Original publication
- Date of publication: 1994
- Language: English

Chronology
- Preceded by: Wolverine: Bloody Choices

= Wolverine/Nick Fury: Scorpio Rising =

1994 graphic novel

Wolverine/Nick Fury: Scorpio Rising, sometimes just known as Scorpio Rising is a graphic novel published by American company Marvel Comics in 1994.

==Publication history==
The story was reprinted in Wolverine & Nick Fury: Scorpio in 2012, which contains the three stories of the Wolverine/Nick Fury trilogy, Wolverine/Nick Fury: The Scorpio Connection and Wolverine: Bloody Choices being the other two.

==Plot==
Fury's son, Mikel, is having a hard time training to become S.H.I.E.L.D. agent and soon he's seduced away by the cry of his homeland, Carpassia, which is undergoing revolution. He takes the Cosmic Key and heads for Carpassia, where HYDRA is using LMDs to wage war and to bait Mikel so Hydra steal the Key from him.
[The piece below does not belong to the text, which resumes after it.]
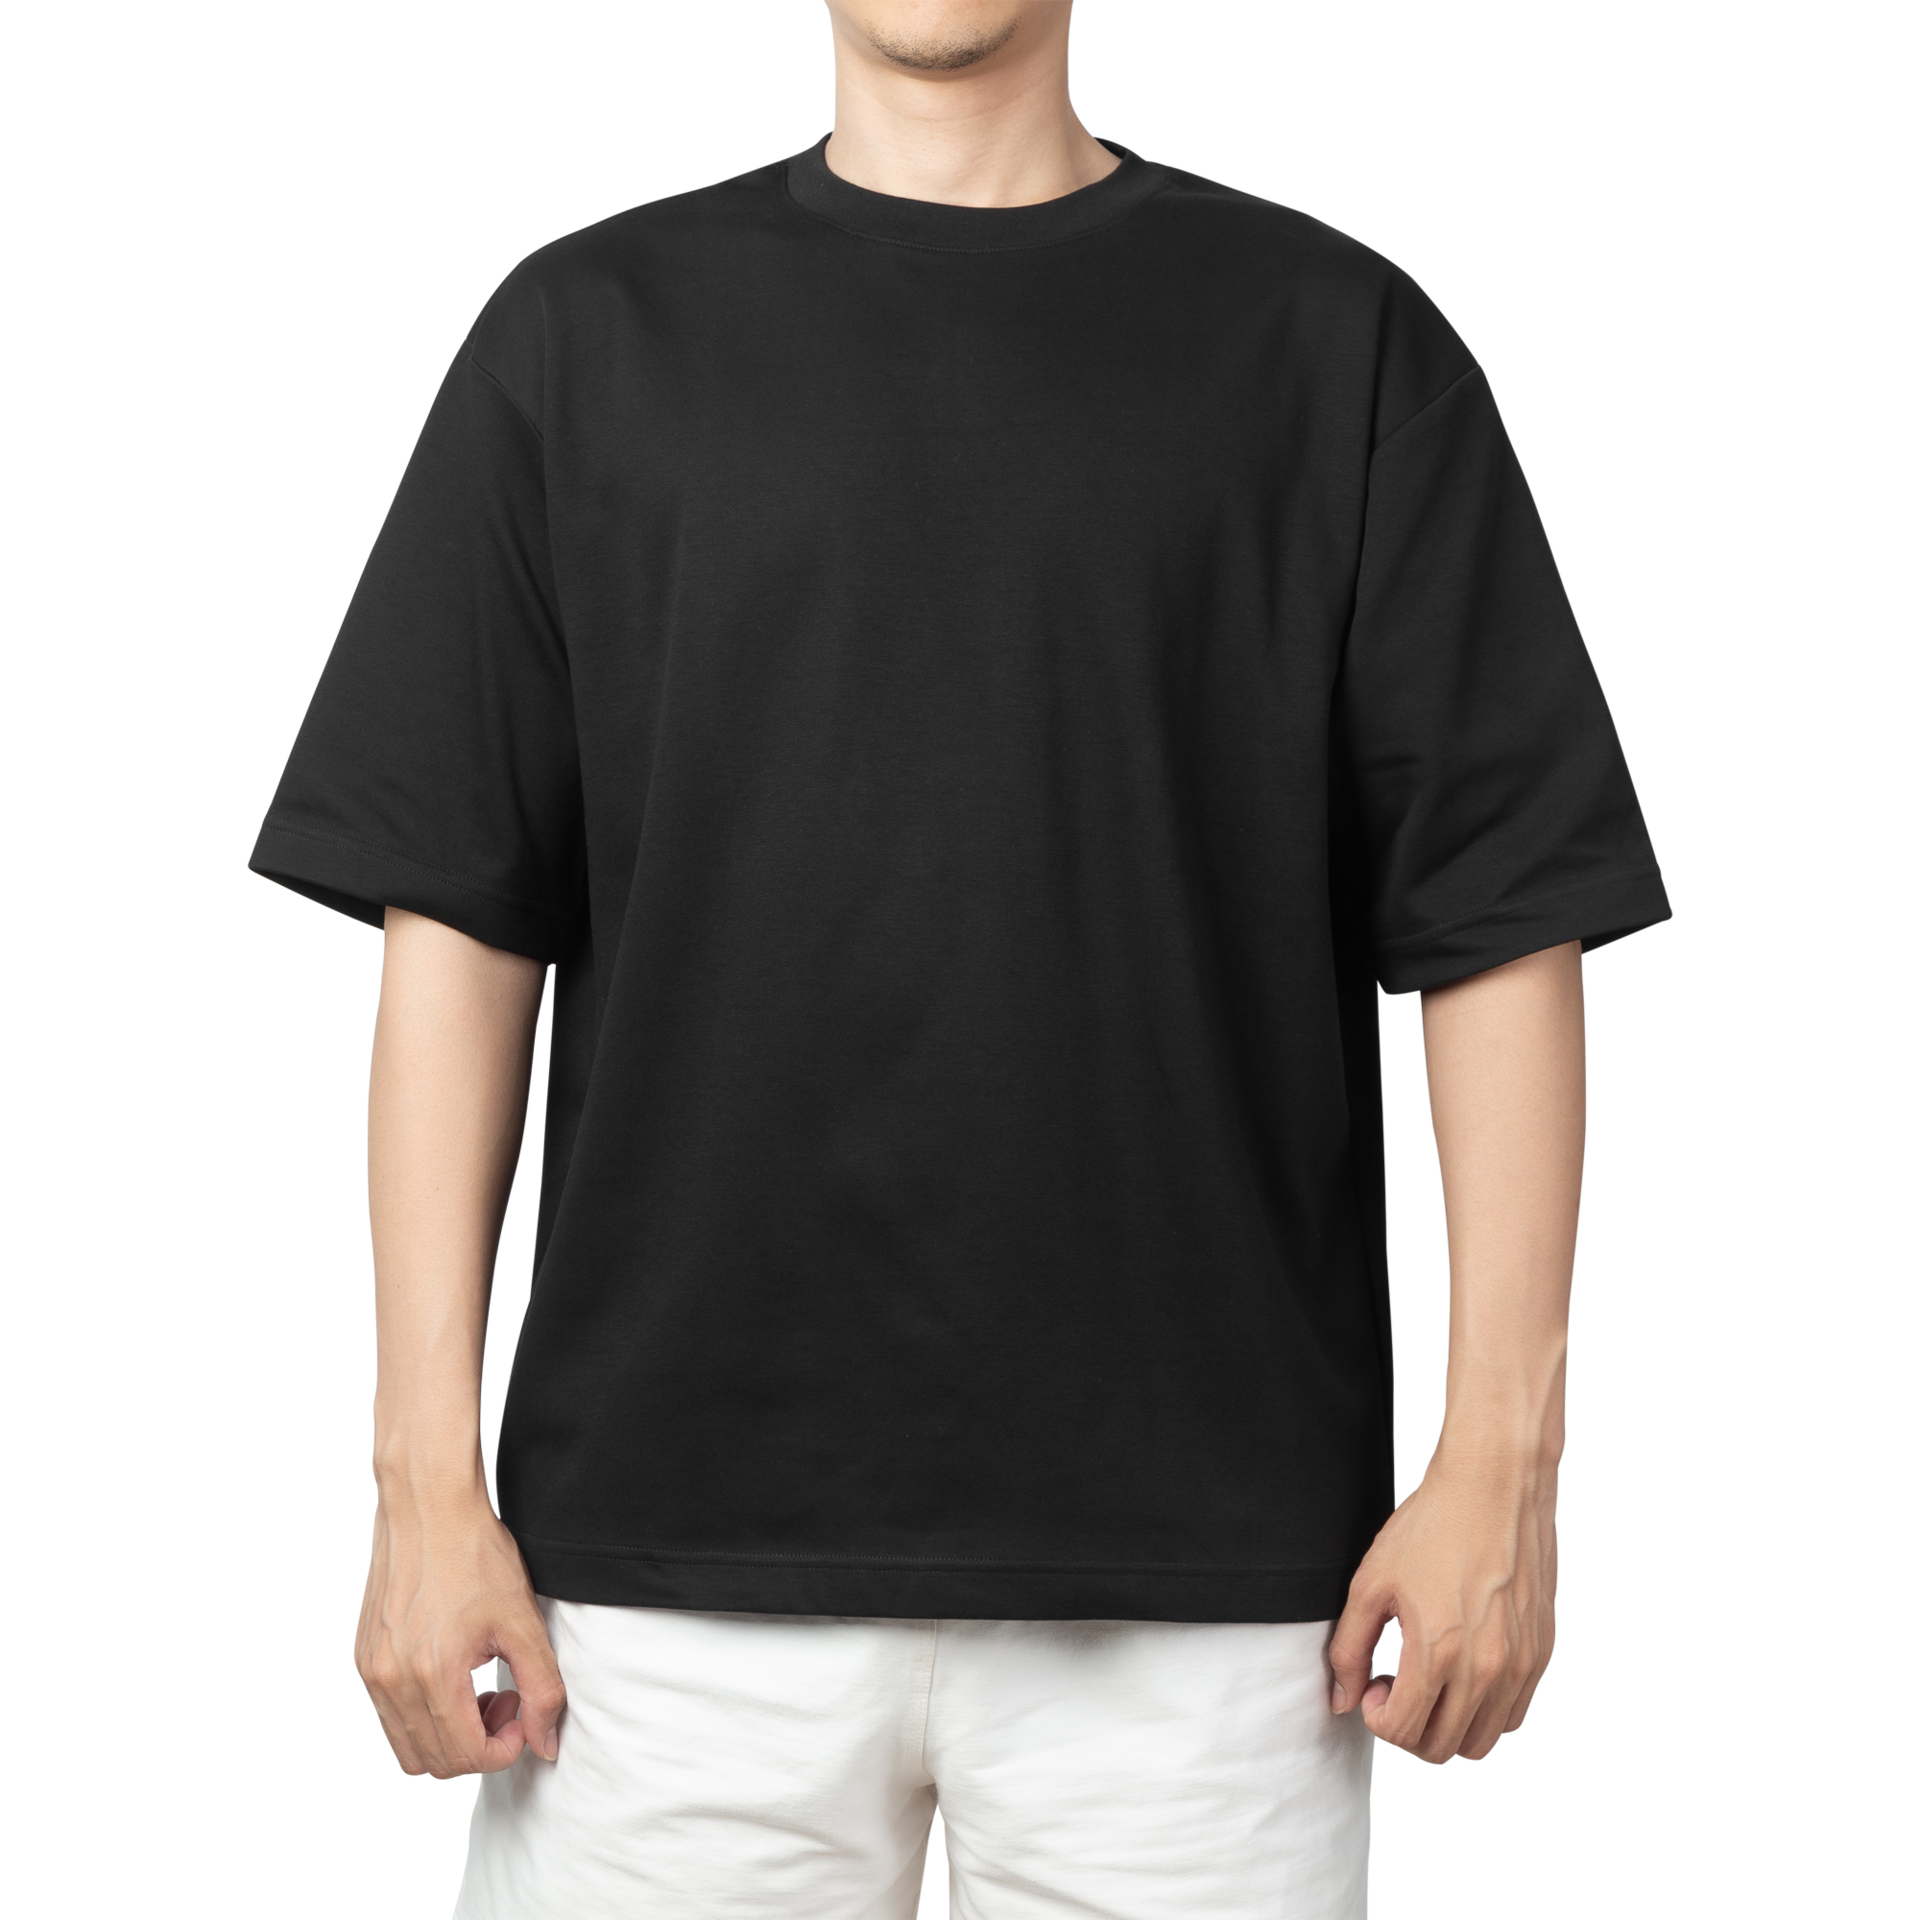 man-in-black-oversize-t-shirt-mockup-design-template-8520221-png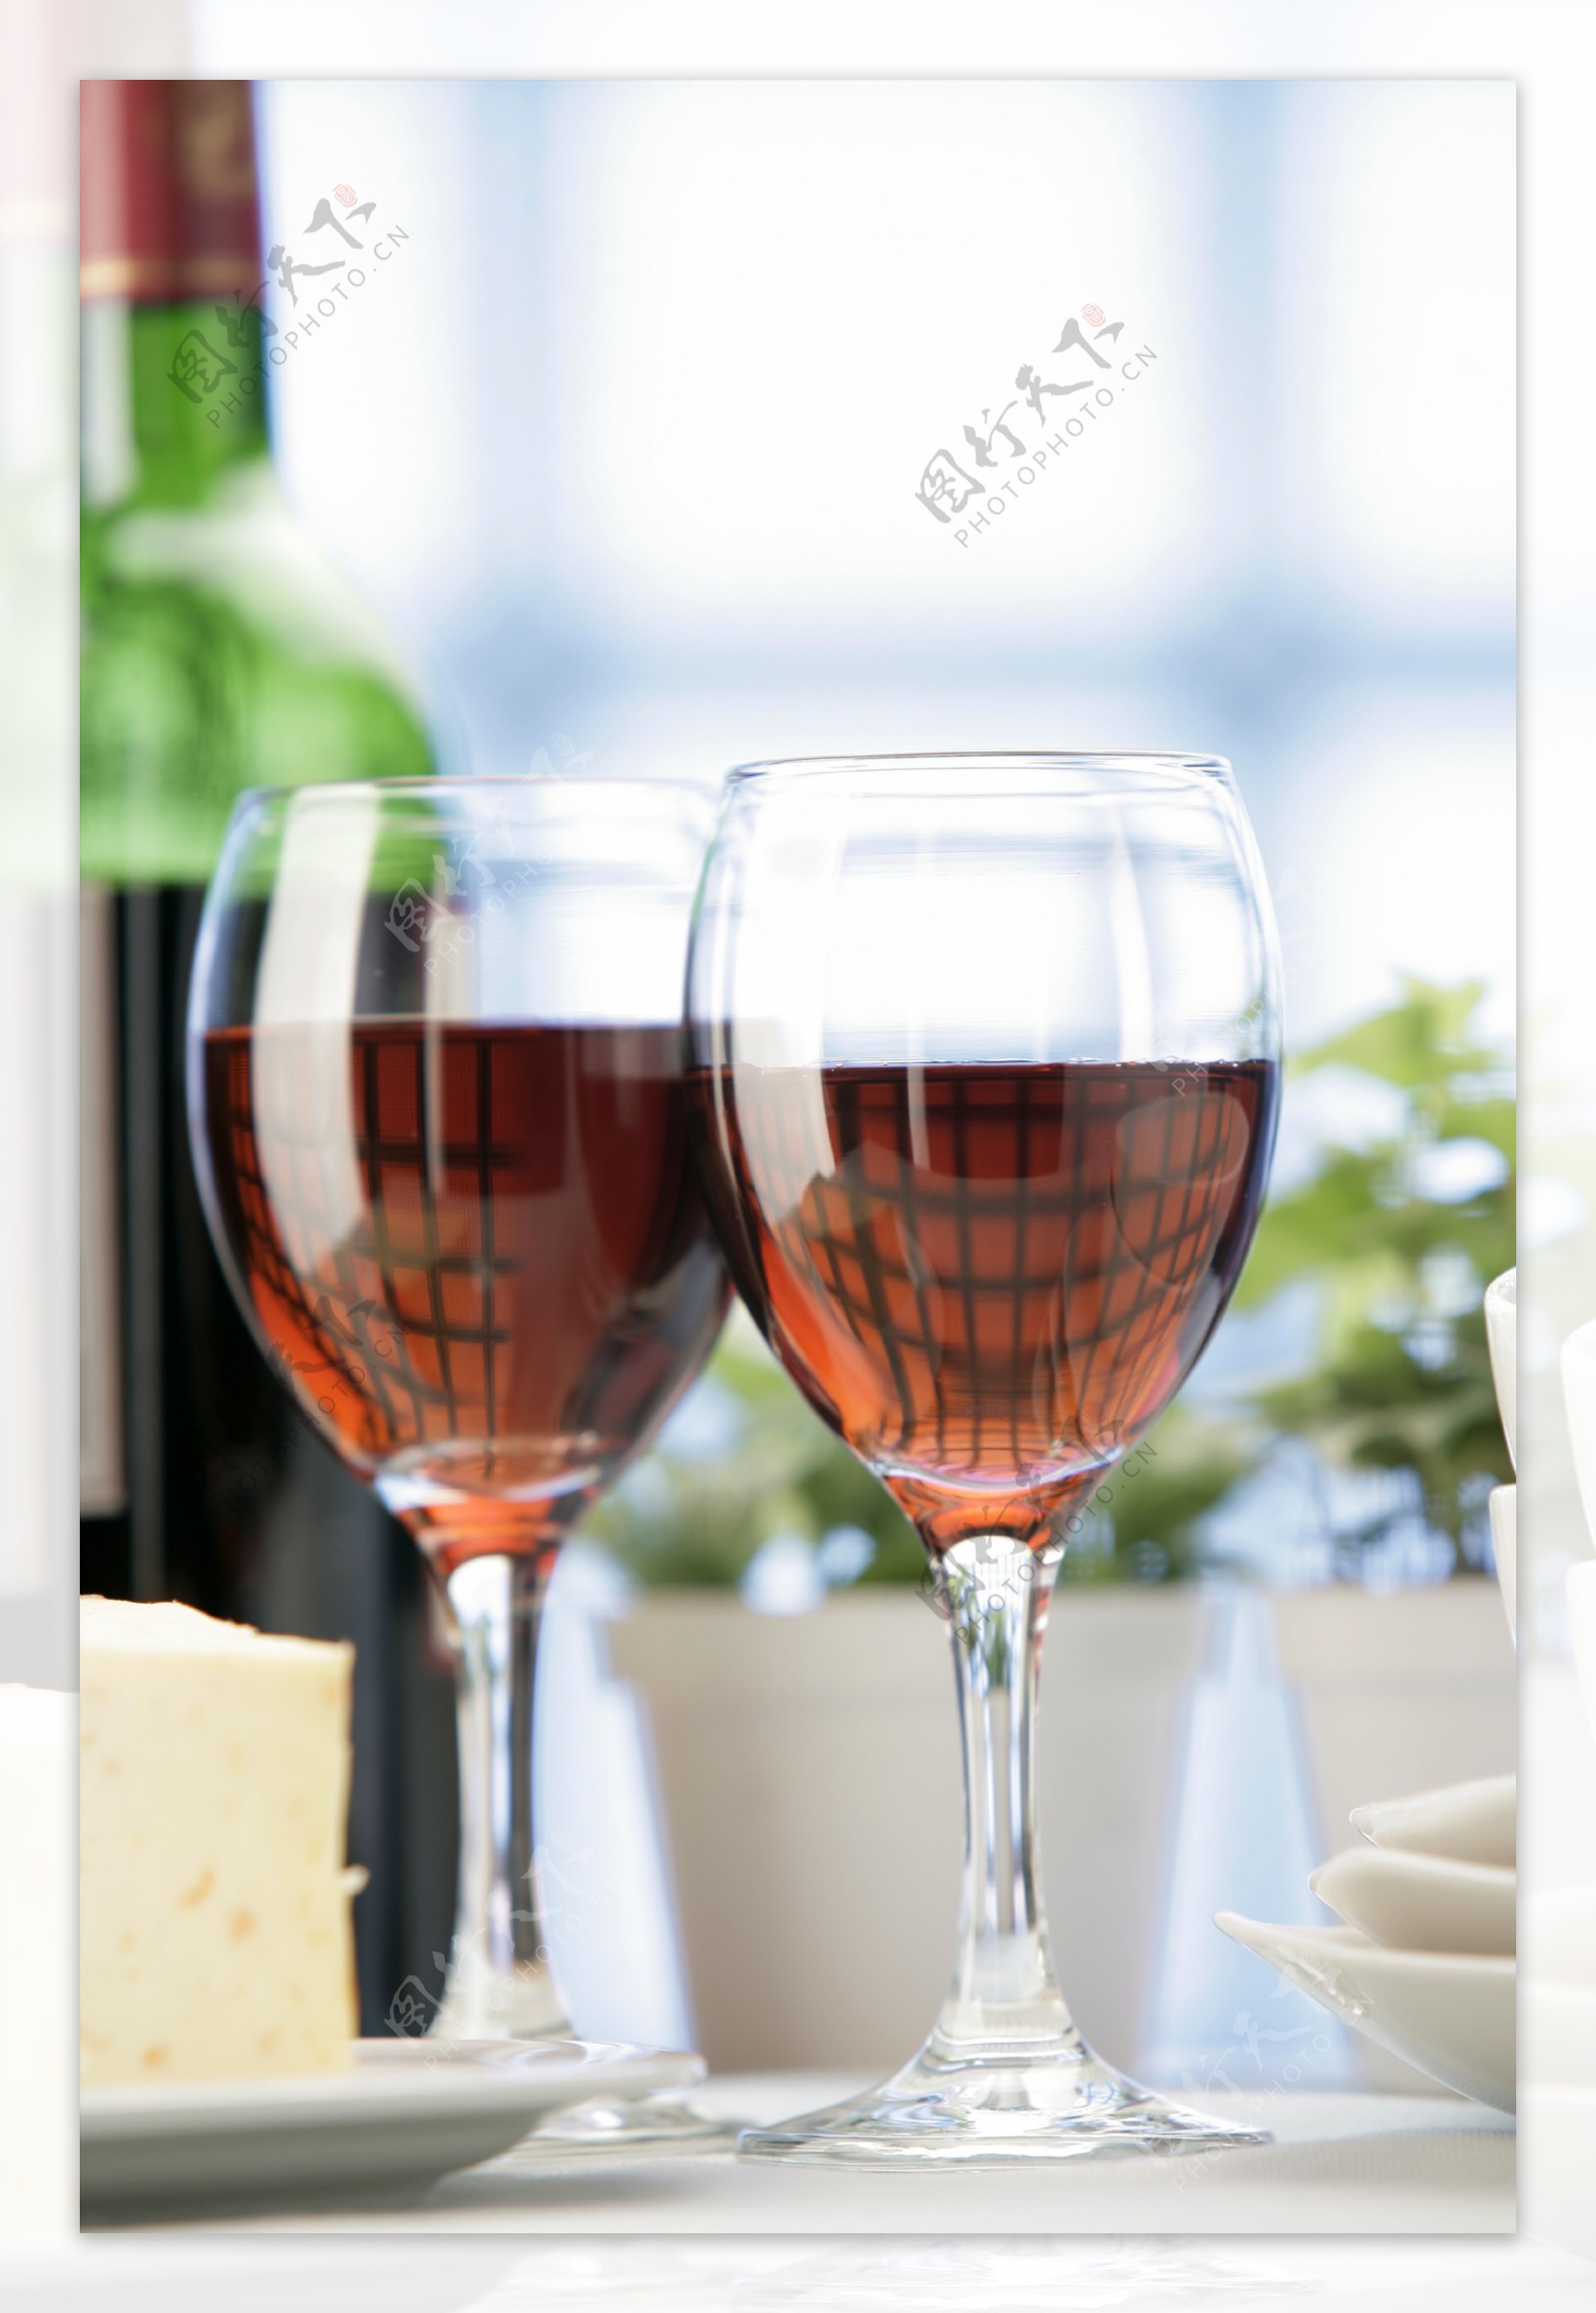 两杯经典红酒图片

Fury and Wolverine team up again to set Scorpio straight and free the country of HYDRA. It is later revealed that Mikel is the heir to the Carpassian throne from before the country was taken over by the Soviet Union. After Hydra is defeated, he runs for president and wins the election.

==Collected editions==
The trilogy was originally collected as in the following trade paperback.

| Title | Material collected | Publication date | ISBN |
|---|---|---|---|
| Wolverine & Nick Fury: Scorpio | Wolverine/Nick Fury: The Scorpio Connection Wolverine: Bloody Choices Wolverine/Nick Fury: Scorpio Rising | April 4, 2012 | 978-0785153481 |

The trilogy was also later reprinted in the Marvel Epic Collection of Wolverine.

| Title | Vol. | Vol. title | Material collected | Publication date | ISBN |
| Wolverine Epic Collection | 2 | Back to Basics | Wolverine (vol. 2) #17–30; Wolverine/Nick Fury: The Scorpio Connection; Wolverine: The Jungle Adventure | March 2019 | 978-1302916091 |
| 3 | Blood and Claws | Wolverine (vol. 2) #31–44 (1988), Wolverine: Bloodlust (1990) 1, Wolverine: Bloody Choices (1991) 1 | July 2021 | 978-1302930899 |
| 7 | To the Bone | Wolverine (vol. 2) #76-86; Wolverine: Evilution; Wolverine & Nick Fury: Scorpio Rising; Ghost Rider, Wolverine, Punisher: The Dark Design; Cable #16 | June 2023 |

==Reception==
The book was the third American highest selling trade-paperback of 1994.

SuperMegaMonkey of Comics Chronology stated that, despite being a sequel to The Scorpio Connection, it does not really delve into the Scorpio history any further; Howard Chaykin also drew the Scorpio Connection but did not get any writing credits for it and probably felt some ownership or connection with the characters. However, according to him, Scorpio Rising is just a general spy adventure story.